For this to be secure, only one program can ever sign for a given PDA: the program whose ID is mixed into the derivation. Two different programs cannot independently sign for the same PDA, because the program ID is part of the hash input. This is the foundation of program-owned state.
The address is the lookup
The second reason PDAs are powerful, beyond the signing ability, is what their derivation enables architecturally. Because the address is a hash of public inputs, you can encode application logic directly into the address.
Want one vault per user? Use seeds [b"vault", user.key()]. Each user's pubkey produces a unique PDA. To find a user's vault, you compute the PDA from their pubkey. No mapping table needed.
The mental shift is the same one anyone who's used content-addressed storage has already made. In a normal database, you'd have a users table mapping user IDs to vault row IDs, and you'd look up the vault by joining. With PDAs, the address of the vault is a hash of the user's identity. You don't look up the mapping. You compute the location from the identity itself.
This composes well. A vote record that's unique per user and per proposal can use seeds [b"vote", user.key(), proposal.key()]. A daily counter PDA could use [b"counter", day_number.to_le_bytes()]. Any tuple of public values that uniquely identifies the account you want can be the seeds. The runtime guarantees the resulting address is unique to that tuple under your program.
The constraint is that seeds together cannot exceed 32 bytes per seed and the total seed count is capped at 16. That's plenty for almost any indexing scheme you'd want, and it's a small price for the architectural simplicity.
Storing the bump
One last practical detail. When you initialize a PDA account, you'll usually store the canonical bump as a field on the account itself. The next instruction that needs to sign for this PDA can read the bump from the account in one fetch instead of running find_program_address again. The savings add up: a single find_program_address can cost 1,500 to 12,000 compute units depending on how many bumps it has to try, while reading a stored bump from an already-loaded account is essentially free.
The convention shows up in account structs as a field like pub bump: u8, populated in the init instruction by the value Anchor computed, and read back in every subsequent instruction via bump = state.bump on the seeds constraint. This is the standard idiom and worth adopting from your first program.
What a PDA does and doesn't change
A PDA does not change anything about the account model. The account at a PDA still has the same five fields: lamports, data, owner, executable, and an address. Reading from it works exactly the way reading from any account works. Writing to it requires it to be owned by the program, exactly the way any program-owned account requires.
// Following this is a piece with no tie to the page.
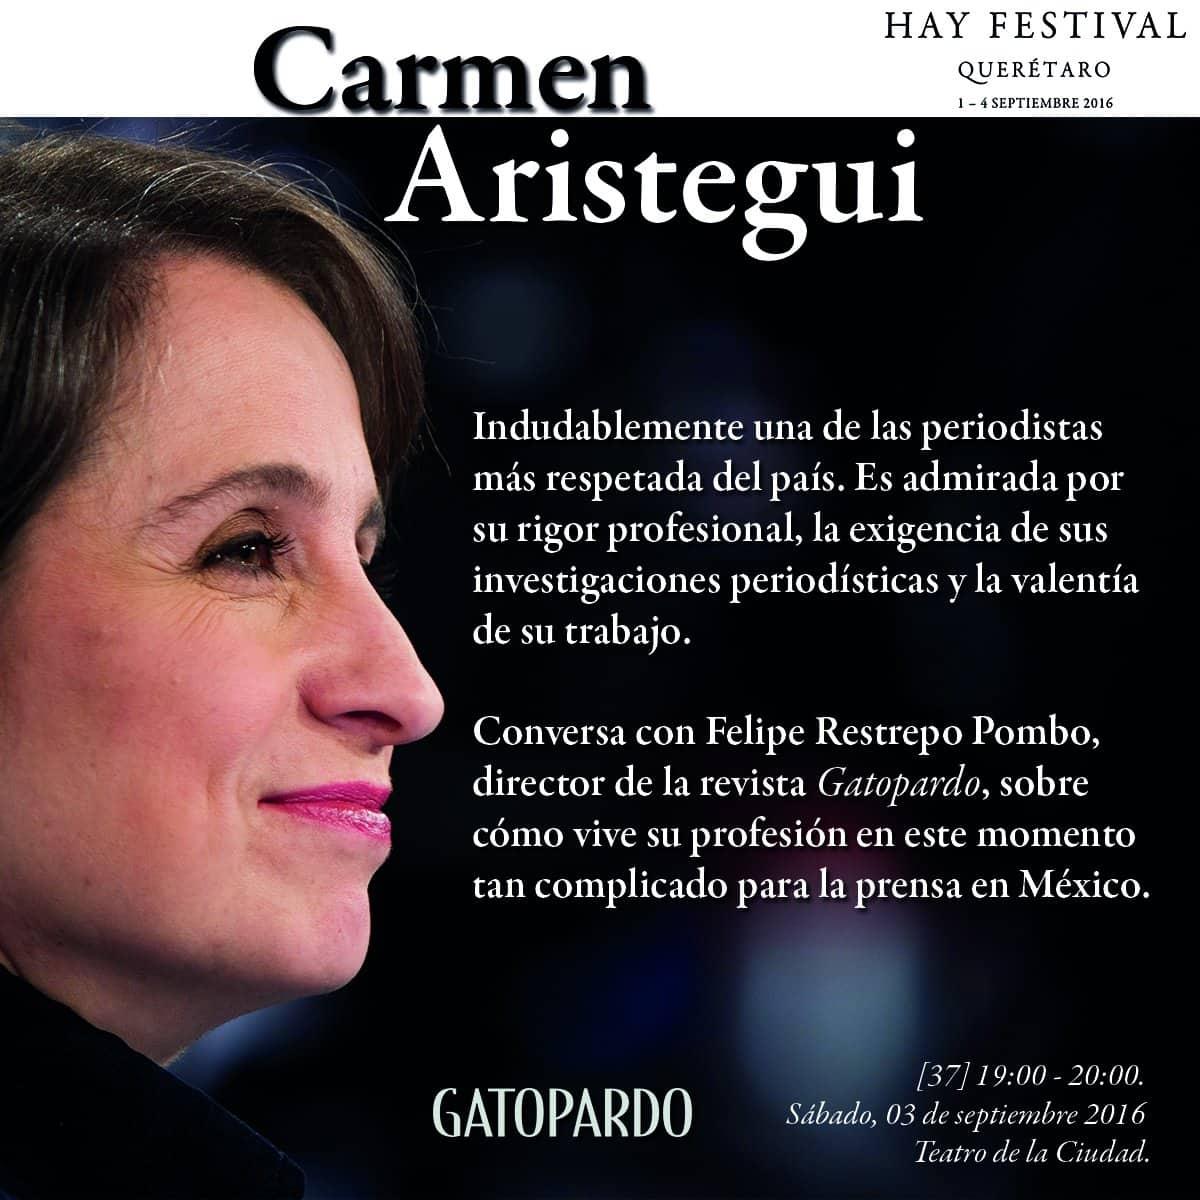 Carmen Aristegui Hay Festival

What changes is who can sign for it. A normal account's signature comes from a keypair. A PDA's "signature" comes from a program re-deriving the seeds inside a cross-program invocation. The runtime treats the two as equivalent for authorization purposes.
That sentence is the whole conceptual core. Once you've internalized it, every PDA pattern in real Solana code follows: programs creating accounts they own, programs signing for token transfers, programs maintaining per-user state without storing a key per user, programs holding pool funds without anyone holding the pool's key.